Secretary of State Colin Powell says the Bush administration is sticking with plans for indirect caucus elections for a provisional government in Iraq by June 30. But he says the United States would accept "refinements" in the caucus plan in an effort to satisfy its Iraqi critics, including the influential Shiite Muslim leader, the Grand Ayatollah Ali al-Sistani.
Mr. Powell says the United States remains committed to the timetable of the transition plan approved last November by the Iraqi Governing Council.
But he is making clear that the Bush administration is open to "refinements" on the structure of the nationwide caucuses that are to choose an interim government, and hopeful that the United Nations will help facilitate the process with the Ayatollah al-Sistani and other Iraqi factions.
At a joint press appearance with the current head of the Governing Council, Adnan Pachachi, Mr. Powell said he hopes U.N. Secretary General Kofi Annan will soon dispatch a team to Iraq to consult with the U.S.-appointed council, the Ayatollah al-Sistani, and others on achieving the planned transfer of power on schedule by the end of June.
"We all remain committed to the 15 November agreement with the desire, and the goal, and the deadline we put before ourselves of having an interim government in place by the 30th of June, but recognizing that that is not the end of the process," he said. "It is really just half-way into the process of full elections for a democratically-elected assembly, and a government that comes from that assembly, and a constitution that will be ratified by the Iraqi people, and that will take us all the way into 2005."
Mr.
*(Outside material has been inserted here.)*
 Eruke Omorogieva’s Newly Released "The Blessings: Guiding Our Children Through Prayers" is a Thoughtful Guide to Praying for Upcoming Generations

Powell told reporters earlier he hoped the U.N. team would intercede with the Ayatollah al-Sistani to explain the difficulties of meeting his demand for full-scale elections for the transitional government, while also exploring the "refinements" to the caucus plan that would help convince him and others that the process can be representative of the Iraqi people.
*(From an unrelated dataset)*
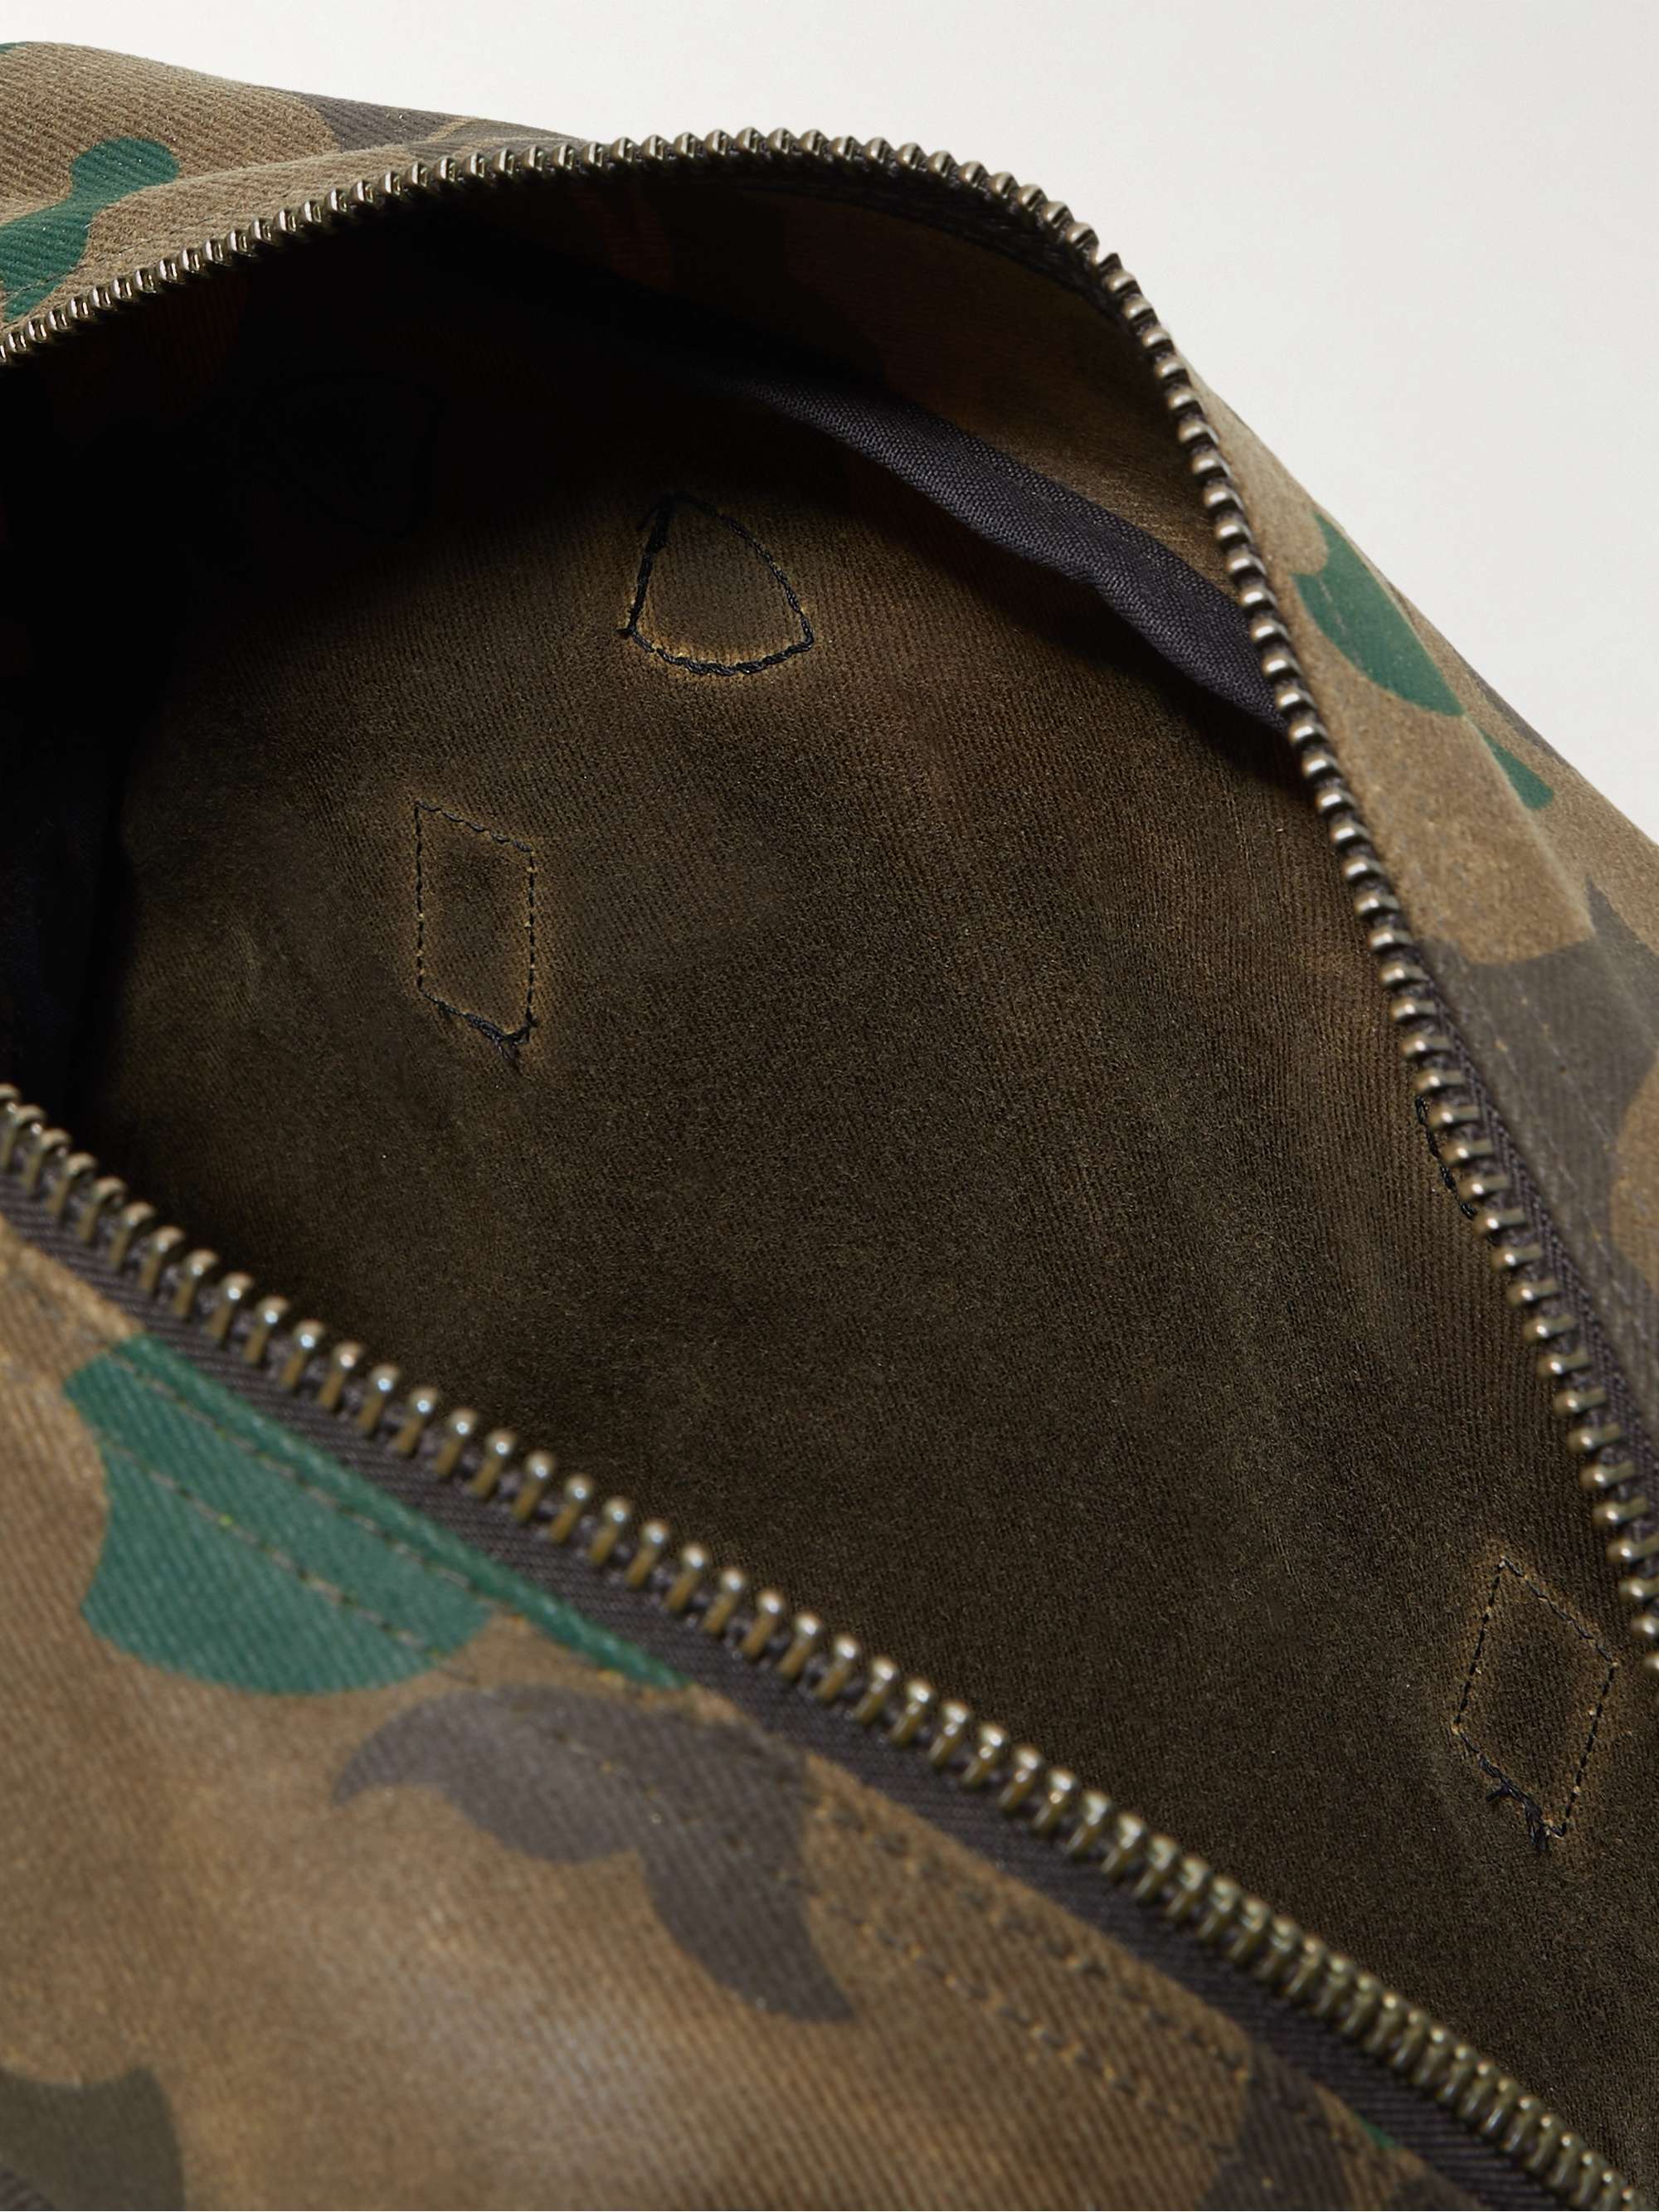 FILSON Leather-Trimmed Camouflage-Print Waxed Rugged Twill Tote Bag

He said the United States is "totally committed" over the long-haul to fulfilling the Iraqi people's dream of a democratic government and intends to help smooth the way to that objective.
Mr. Pachachi, who met President Bush earlier Tuesday, said that while the end of June deadline will preclude the full-scale election process that all parties would find desirable, the admittedly-complex plan for 18 regional caucuses across Iraq can be refined to assure that the transitional authority has the credibility it needs.
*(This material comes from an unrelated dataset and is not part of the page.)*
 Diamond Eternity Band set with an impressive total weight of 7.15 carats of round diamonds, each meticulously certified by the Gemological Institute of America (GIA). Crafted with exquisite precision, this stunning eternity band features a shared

"We hope to refine this process," he said. "I agree with you it's a little complicated but I think if it's well-refined, if it's done properly, I think it will really enable the Iraqis to have a legislature that really represents their views and is widely-representative. And that's what the United Nations asked. They said that sovereignty will be restored to Iraq only if there was a representative government, internationally recognized. And that's what we hope will happen."
Bush administration officials have said a full-scale direct election for the transitional government by June would be impossible, given among other things, that lack of an electoral law and a recent census in Iraq to determine voter eligibility.
U.N. officials however say the team expected to be sent to Iraq within a few days by Secretary-General Annan will examine the possibility of a direct vote.
Mr. Annan, who met Monday with Mr. Pachachi and the senior U.S. administrator for Iraq Paul Bremer, said a primary concern is security for the U.N. mission - mindful of the truck bombing last August that killed the top U.N. envoy to Iraq and 21 others and prompted the withdrawal of foreign U.N. personnel.